OpenAI Just Released Its Powerful New ChatGPT Agent – Sequoia Capital
Isa Fulford, Casey Chu, and Edward Sun from OpenAI’s ChatGPT Agent team reveal how they combined Deep Research and Operator into a single, powerful AI agent that can perform complex, multi-step tasks lasting up to an hour. By giving the model access to a virtual computer with text browsing, visual browsing, terminal access and API integrations—all with shared state—they’ve created what may be the first truly embodied AI assistant. The team discusses their reinforcement learning approach, safety mitigations for real-world actions, and how small teams can build transformative AI products through close research-applied collaboration.
OpenAI’s ChatGPT agent team discusses the origin, design and ambitions of this new system that unifies research and operator capabilities for more powerful, flexible automation. The episode highlights both the technical advances and the collaborative approach that enabled the rapid development of this multi-tool agent—and emphasized the challenges and opportunities as AI agents become more capable and integrated into real workflows.

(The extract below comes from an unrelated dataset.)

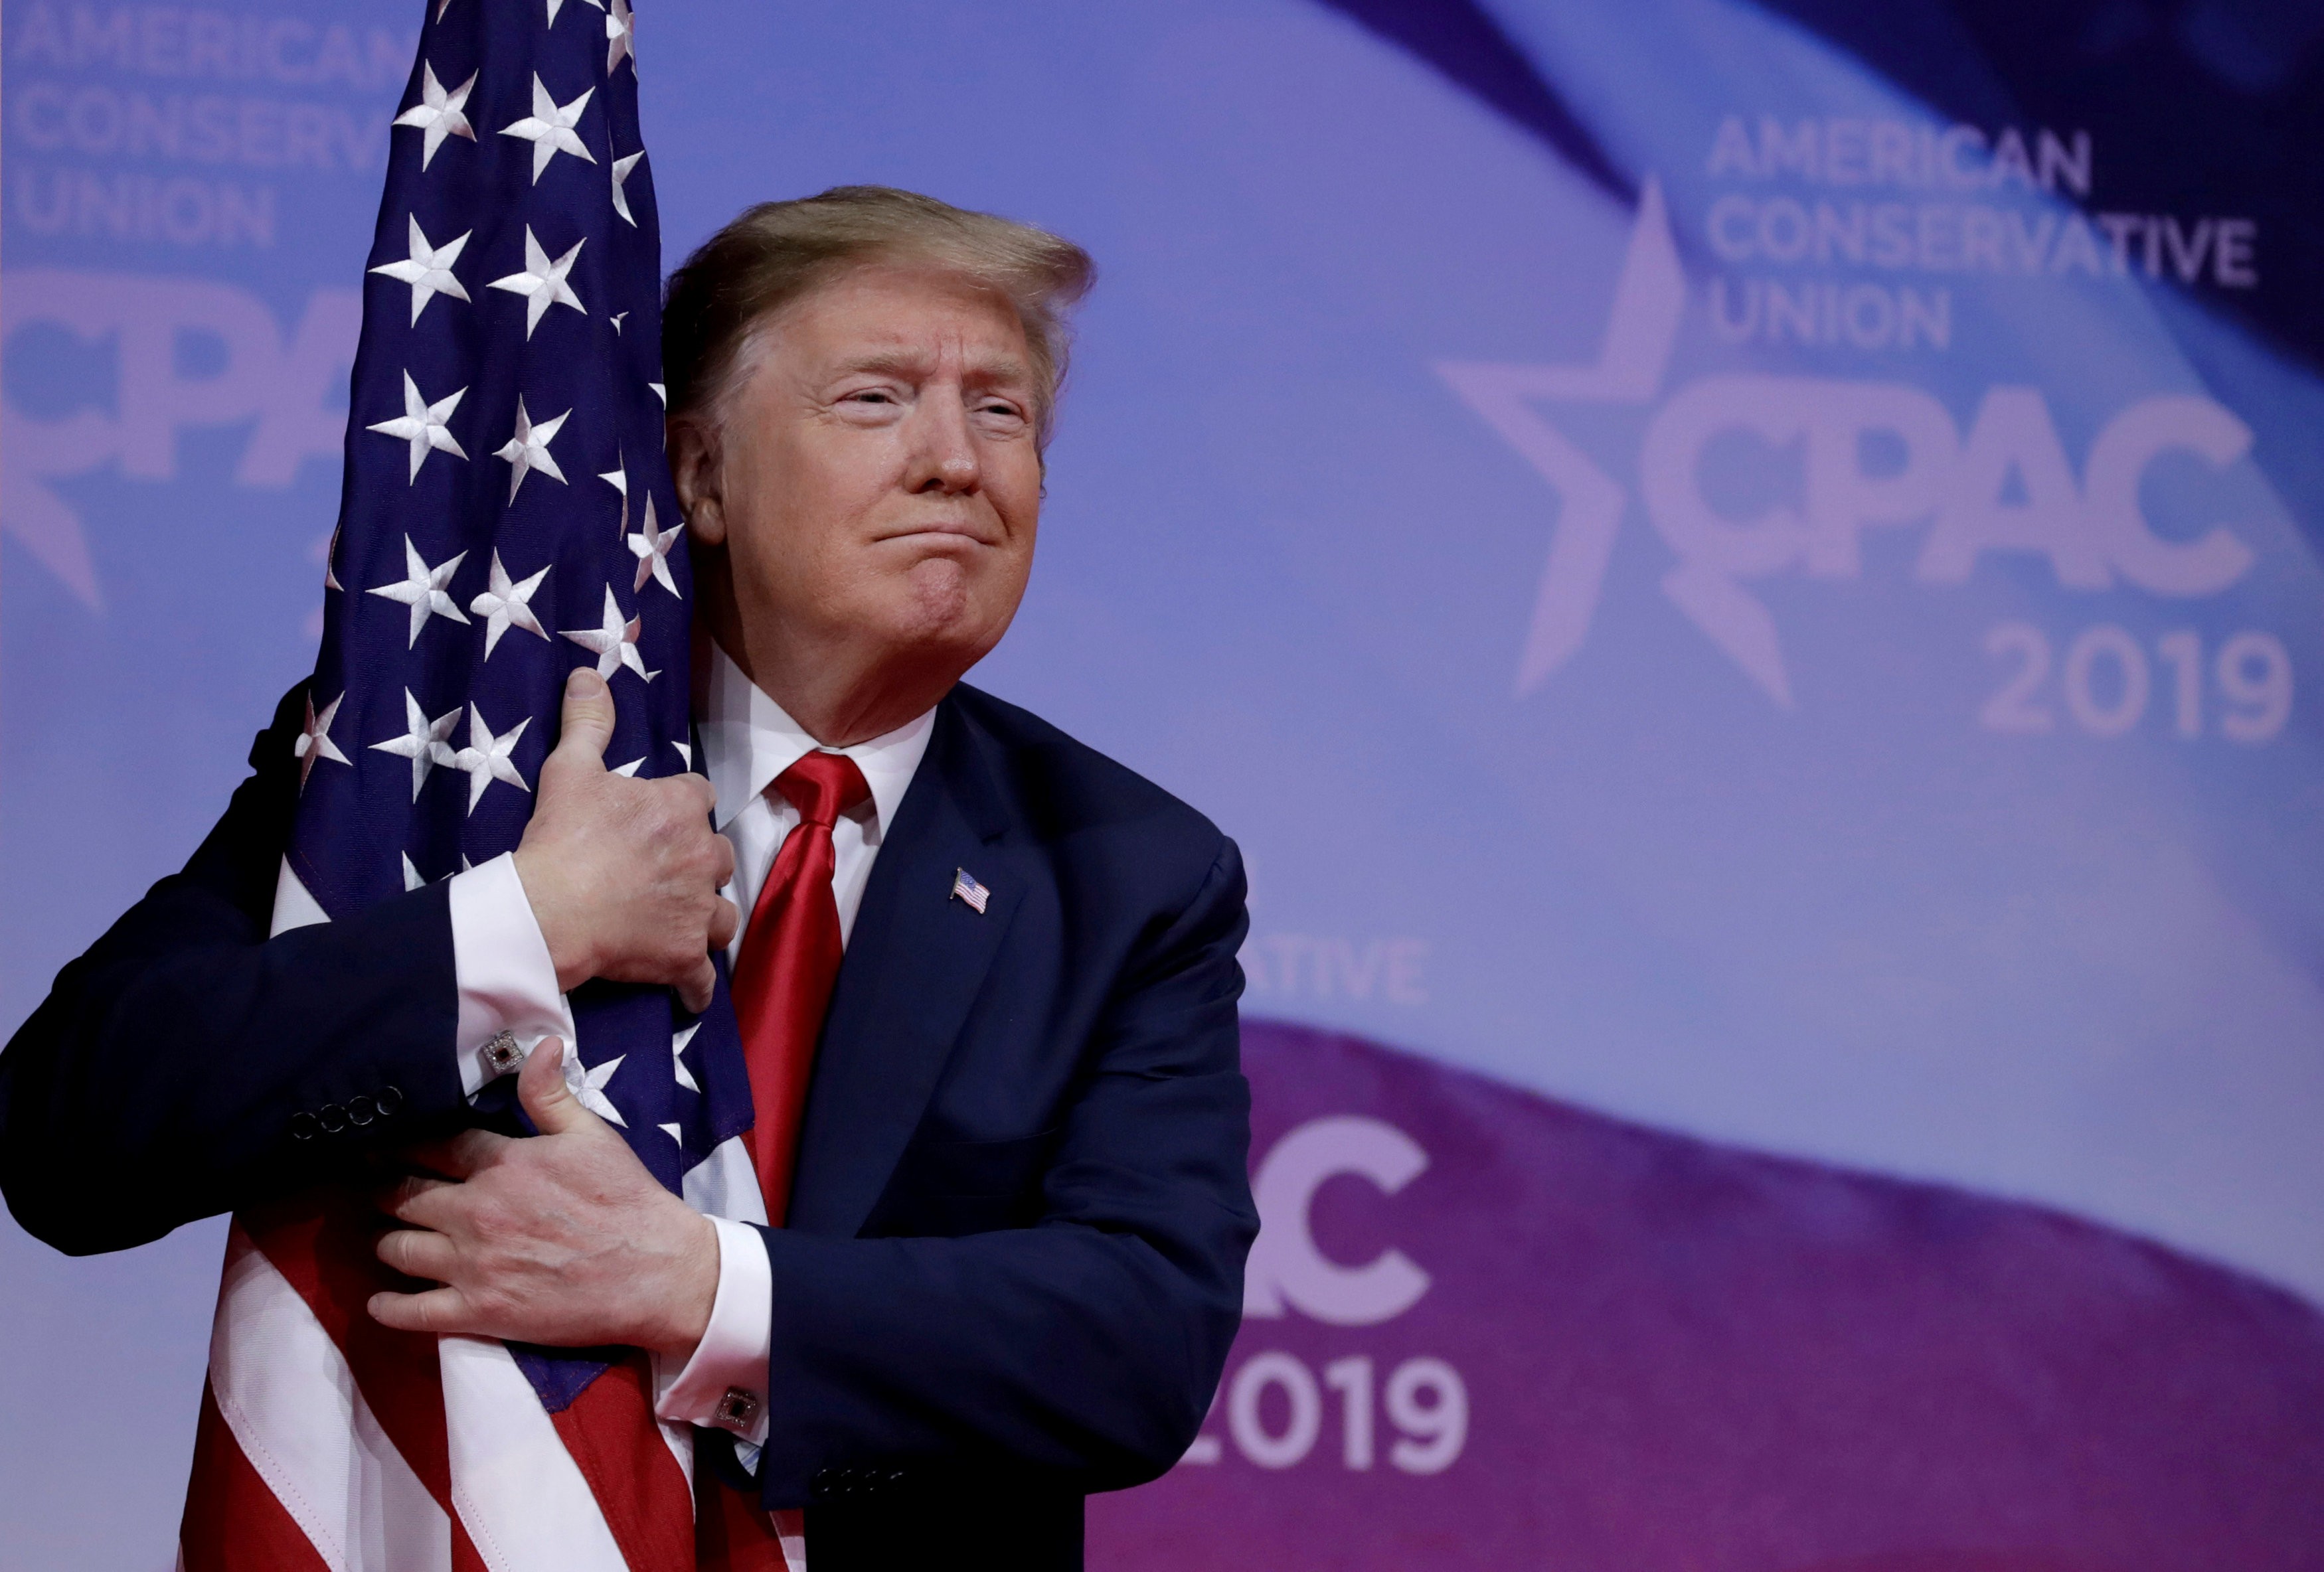 US President Donald Trump hugs the American flag at the Conservative Political Action Conference annual meeting near Washington on March 2. Photo: Reuters

Combining specialized agents unlocks new capabilities: By merging the strengths of Operator (visual, GUI-based actions) and Deep Research (text browsing and synthesis), the team achieved a system that can handle diverse, end-to-end tasks—everything from online shopping to spreadsheet automation.
Shared state and tool orchestration are key breakthroughs: The agent’s ability to switch seamlessly between tools—browser, terminal, APIs and more—with shared state mimics how humans use computers, dramatically increasing flexibility and efficiency.
Human-in-the-loop and collaborative design matters: The system allows for ongoing, interruptible interaction, enabling users to clarify, redirect or take over tasks mid-process, which leads to more robust and user-aligned outcomes.
Safety and real-world integration introduce new challenges: Granting agents the power to take actions with real-world effects required substantial investment in guardrails, monitoring and cross-team safety processes, especially given the risks of automation and internet interaction.
Small, cross-functional teams with rapid iteration can drive major leaps: The project was delivered by a surprisingly small, tightly integrated team, with blurred lines between research and engineering, showing that ambitious AI initiatives can move quickly through deep collaboration and clear product grounding.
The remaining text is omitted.